# Установка на ноутбук со сломанным lcd. нужна помощь

## BurakVP

Есть ноутбук со сломанным дисплеем, есть ли возможность установить дистр. gentoo с помощью vga output  (при загрузке он не работает...), заранее благодарен

----------

## Bircoph

Попробуй переконфигурировать SystemRescueCD (http://sysresccd.org/Main_Page) для автоматического старта sshd или иксов с нужной конфигурацией.

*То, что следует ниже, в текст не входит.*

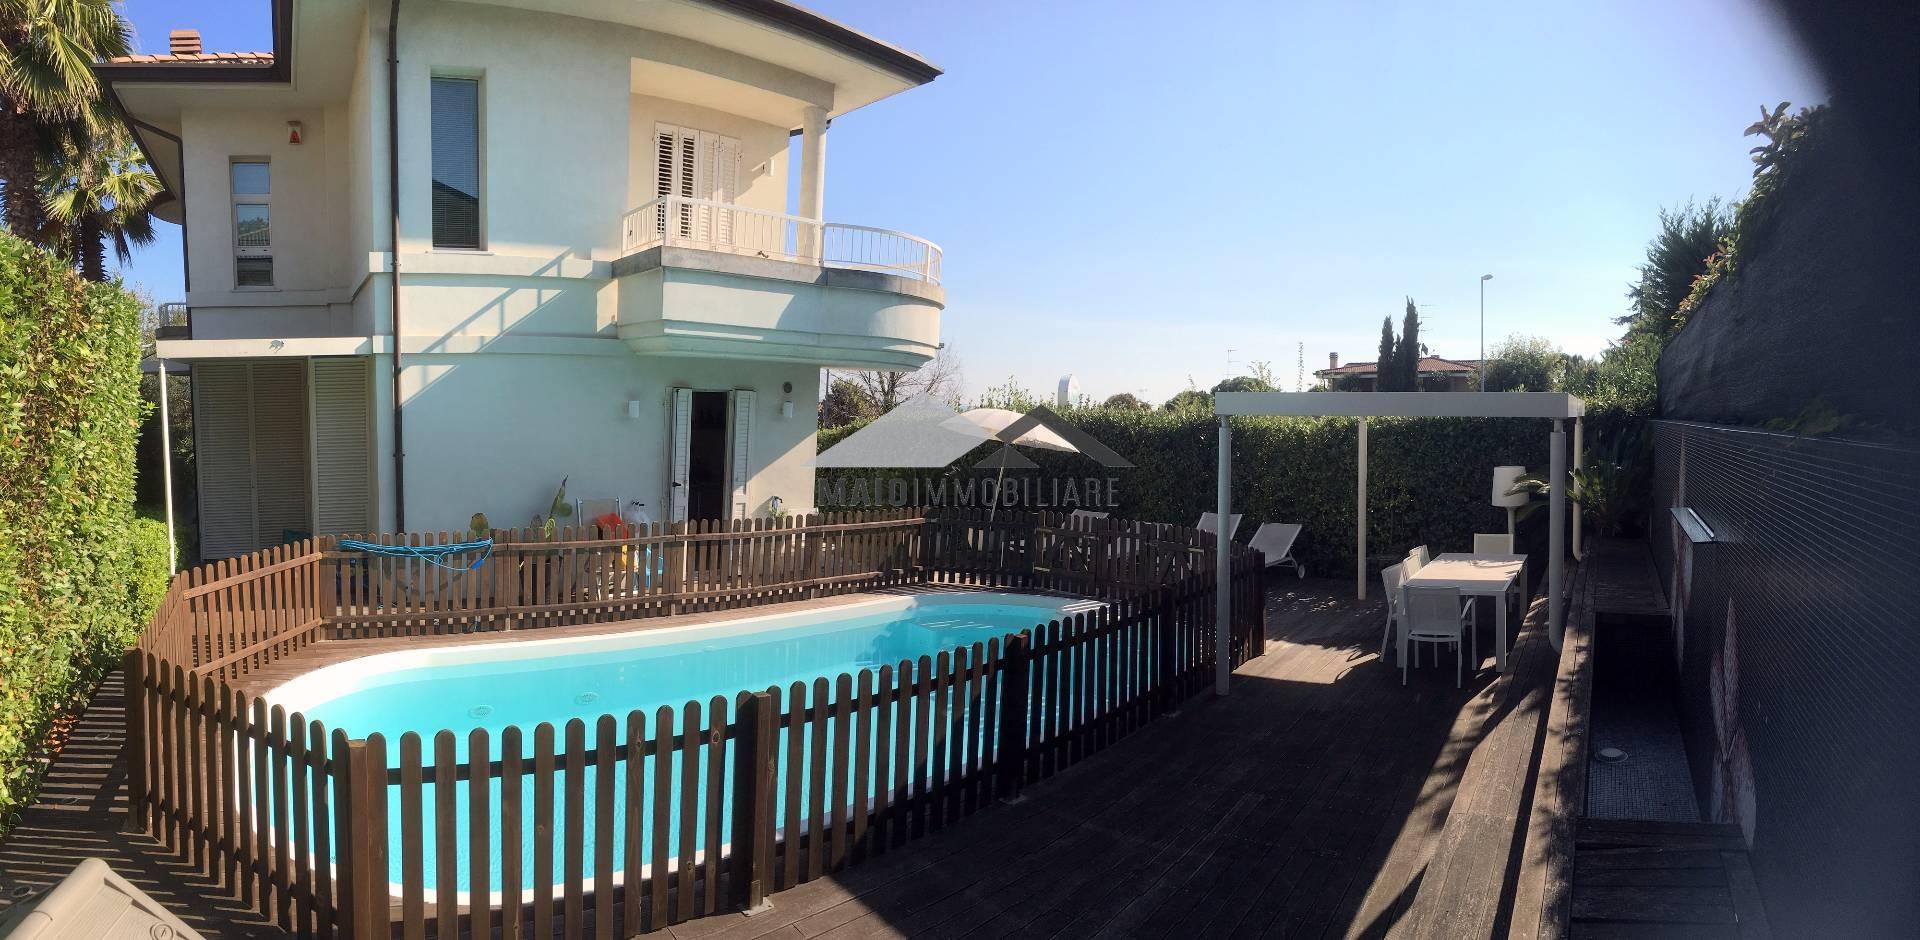 Villa in vendita a Riccione, 3 locali, zona Località: COLLEDEIPINI, prezzo € 980.000 | CambioCasa.it

Инструкции по настройке там есть.

Как вариант, можно снять с ноута винт, поставить на него (базовую) систему и продолжить.

А вообще, странно это всё: консоль должна дублироваться на внешний монитор.

----------

## BurakVP

Спасибо за совет, вот только я токо начинаю разбираться с линксом... разве будет ли работать ядро собранное на стационарном компе\другом ноуте, если перенести хдд?

----------

## BurakVP

Внешний монитор начинает видеть только после загрузки винды.при нажатии Fn+f4, в консоли это сочетание не работает

----------

## Laitr Keiows

 *BurakVP wrote:*   

> Разве будет ли работать ядро собранное на стационарном компе\другом ноуте, если перенести хдд?

 

Если в ядре будут включены все нужные для работы на ноутбуке опции, то работать будет.

 *BurakVP wrote:*   

> Внешний монитор начинает видеть только после загрузки

 

Стоит попробовать настроить это поведение в BIOS или через BIOS. Например, у многих ноутов Toshiba есть утилита для настроики параметров BIOS прямо из ОС.

----------